Evidently, the direct effect of SARS-CoV-2 on the liver may not be fully achieved through ACE2, and other receptors cannot be excluded (Fig. 1b–d). Based on previous studies of SARS-CoV, DC-SIGN and/or L-SIGN, are thought as alternative receptors or as enhancer factors that facilitate ACE2-mediated virus infection [24]. It's worth noting that L-SIGN is a liver-specific capture receptor for virus infection and immunity [25]. A previous study suggested that the S glycoprotein of SARS-CoV may use both ACE2 and L-SIGN in virus infection and pathogenesis [26]. Besides, L-SIGN may also play a protective role in the internalization and degradation of HIV-1 [27]. More evidence is needed to determine whether L-SIGN can mediate SARS-CoV-2 entry into hepatocytes and its specific function in SARS-CoV-2 infection. CD147 is another possible receptor for SARS-CoV-2. CD147 is highly expressed in tumor tissues, inflamed tissues and pathogen-infected cells [28]. Chen et al. reported that SARS-CoV-2 invades host cells via a novel pathway of CD147-spike protein interaction [29]. Meplazumab, a humanized anti-CD147 antibody, can effectively prevent viruses from invading host cells by blocking CD147. It is not clear whether SARS-CoV-2 can use the CD147 receptor to invade hepatocytes.

Although antibodies are generally protective and beneficial, antibody-dependent enhancement (ADE) has been documented for multiple viral infections such as dengue, flavivirus, and influenza virus [30, 31]. In ADE of infection, suboptimal nonneutralizing antibodies cannot completely neutralize the virus; instead, they attach to the Fc receptor (FcR) expressed on target cells to promote virus entry and infection [31]. Recent studies reported that patients with severe COVID-19 cases frequently had an augmented IgG response and a higher titer of antibodies, which was associated with poor prognosis [32]. We speculate that a potential mechanism may be related to ADE of viral infection that occurs in some COVID-19 patients with early, sub-optimal antibody activity that cannot completely eliminate the virus, but instead leads to persistent viral replication and inflammation (Fig. 1e) [33]. Besides, virus-neutralizing antibody immune complexes can promote inflammation and tissue injury by activating macrophages via FcRs [34]. These findings indicate that ADE should be given full consideration in the safety evaluation of emerging candidate vaccines for SARS-CoV-2.

Cytokine release syndrome (CRS) and renin–angiotensin–aldosterone system (RAS)

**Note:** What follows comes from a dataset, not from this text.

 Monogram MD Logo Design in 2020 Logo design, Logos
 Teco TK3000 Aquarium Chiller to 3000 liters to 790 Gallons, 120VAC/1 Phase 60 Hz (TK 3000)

Cytokine release syndrome was regarded as the prominent cause of fatality in the previous SARS-CoV and MERS-CoV infections [35]. Similarly, a cytokine profile including IL-6, IL-10 and C-reactive protein (CRP) in severe COVID-19 patients with liver injury was also documented and multivariable analysis revealed that IL-6 is a potential risk factors in patients with COVID-19 developing severe liver injury [36, 37]. IL-6 is a pleiotropic four-helix-bundle cytokine that exerts multiple functions in the liver. It is not only implicated in acute phase response and infection defense, but also in liver regeneration and metabolic function of the liver [38]. IL-6 signals through two distinct pathways referred to as classic cis signaling or trans signaling. In classical cis signaling, IL-6 binds to the membrane-bound IL-6R and forms a complex with gp130, whose dimerization activated the downstream signaling mediated by JAKs and STAT3, which can contribute to CRS. The mIL-6R is only expressed on few cell types such as hepatocytes and certain immune cells, thus hepatocytes can directly respond to IL-6 [39, 40]. In trans-signaling, IL-6 binds to the soluble IL-6R (sIL-6R), forming a complex with a gp130 dimer. The resultant IL-6–sIL-6R–JAK-STAT3 signaling is then activated in cells that do not express mIL-6R, such as endothelial cells, thus widens the cell type affected by IL-6 signaling and results in a systemic “cytokine storm” [41]. The trans signaling results in CRS involving secretion of various proinflammatory cytokines and chemokines, including additional IL-6. Thus, the feedback loop of the IL-6 amplifier (IL-6 Amp) might act as a switch to activate “cytokine storms” (Fig. 2) [42]. Therefore, targeting the IL-6 signaling pathway may reverse the hyperinflammation status and curb the cytokine release syndrome in severe COVID-19 patients with liver injury.

Fig. 2
figure 2

Interaction between the renin-angiotensin system (RAS) and cytokine release syndrome (CRS). ACE2 is a key counterregulatory enzyme that degrades Ang II to Ang1-7. After the endocytosis of the viral complex, ACE2 is downregulated and shed from the surface of the host cell, resulting in angiotensin II accumulation. Ang II acts not only as a vasoconstrictor but also as a proinflammatory cytokine via the AT1R-metalloprotease 17 (ADAM17) axis. ADAM17 can cleave the membrane form of IL-6Ra, thereby generating soluble IL-6R, which binds to IL-6 and subsequently activates STAT3. This trans signaling results in CRS involving secretion of various proinflammatory cytokines and chemokines, including additional IL-6. Therefore, the feedback loop of the IL-6 amplifier (IL-6 Amp) might act as a switch to activate “cytokine storms”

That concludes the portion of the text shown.